I am trying to figure out the encoding for unconditional JMPs on SPARC, i.e the JMP. After disassembling a few binaries.
In my IDA disassembly the encoding for JMP %g1 is:
81 c0 40 00
And the encoding for jmp %g4 is:
81 c1 00 00
Digging through the spark manuals, I can't seem to find a record of how this is encoded. I am also confused as to why IDA refers to a "JMP" as opposed to the "JMPL" in the docs.
The JMPL encoding recommendations given in the SPARC9 manual are a little arcane to me and I struggle with what they are getting at:
10-RD-OP3-RS1-i-[-]-rs2
or
10-RD-OP3-RS1-i-siMM3
"If either of the low-order two bits of the jump address is nonzero, a mem_address_not_aligned exception occurs"
Well, I'm not sure how that squares with the instruction that IDA found. Can someone break down how this maps to JMP %g1? How would this change for JMP %g2?
Note: This is report for reverse engineering stack exchange, I'm going to delete whichever one gets a good answer first.

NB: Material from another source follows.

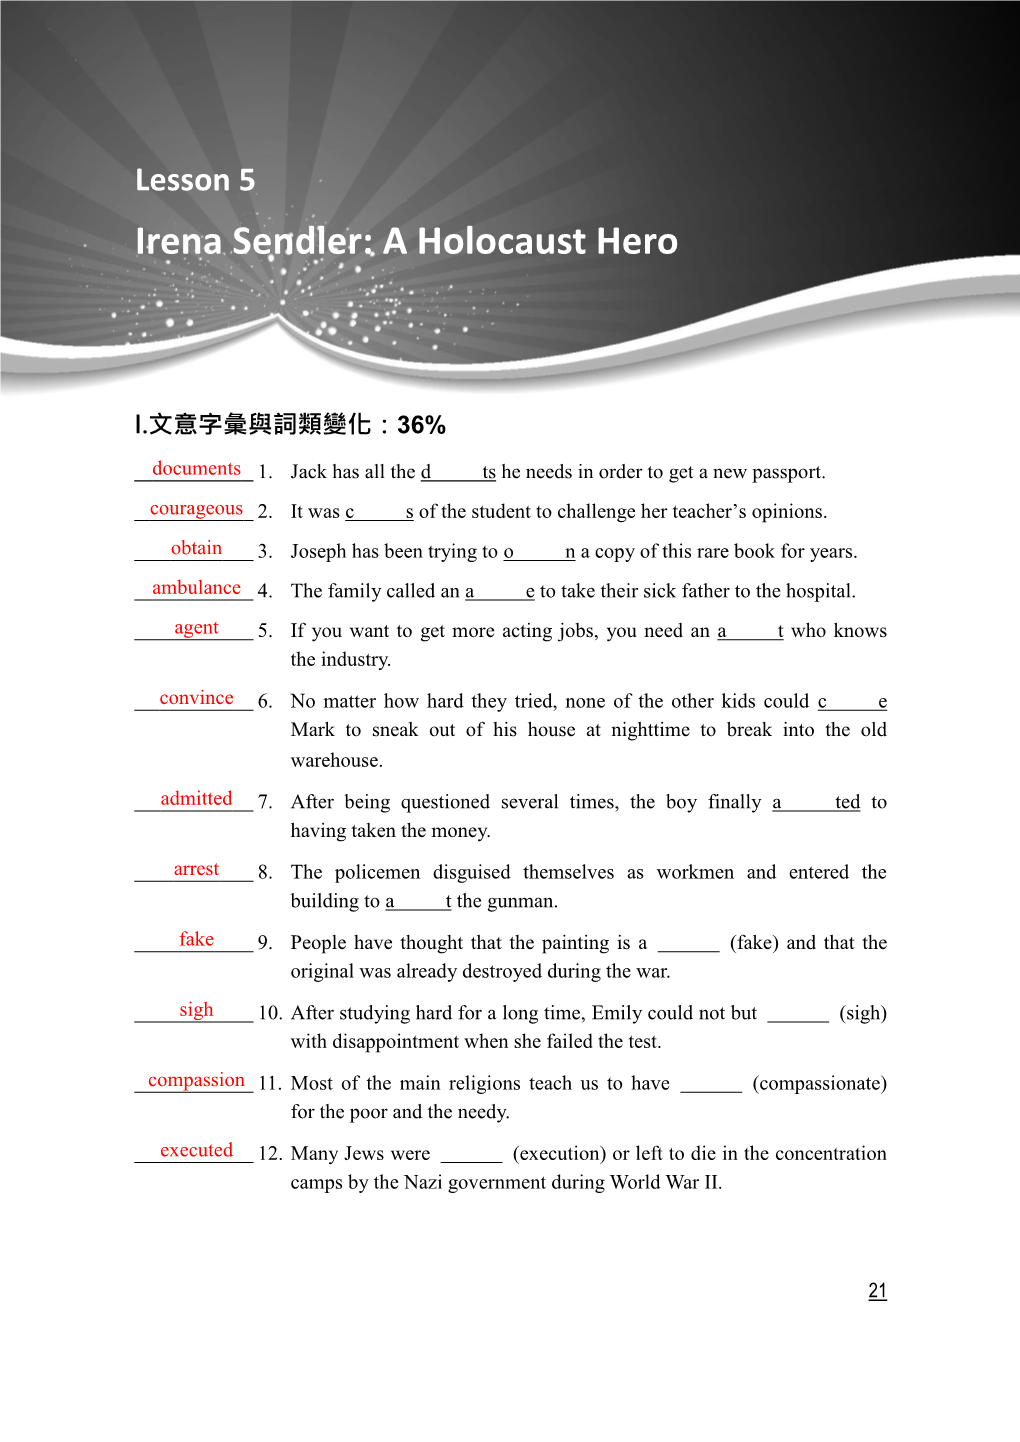 Irena Sendler: a Holocaust Hero

I've had better luck with this kind of question on SO lately.
jmp is an alias for jmpl with a destination register of %g0, ie. address discarded. The manual specifies that OP3 is fixed at 11 1000. The i bit selects between the two encoding variants. The single register operand can be encoded in either way, your example uses i=0 meaning it's the jmpl %rs1+%rs2, %g0 form. We can now easily produce the machine code:
10 (fixed)
00000 (rd=%g0)
11 1000 (OP3, fixed)
00001 (rs1=%g1)
0 (i)
00000000 (ignored)
00000 (rs2=%g0)
Concatenating all of these gives 1000 0001 1100 0000 0100 0000 0000 0000 = 81 C0 40 00
You could also encode jmp %g1 as jmp %g1+0 which would use the other variant, with i=1, and produces 81 C0 60 00. Another possibility is jmp %g0+%g1 which gives 81 C0 00 01.
To get jmp %g2 you obviously change the rs1 field.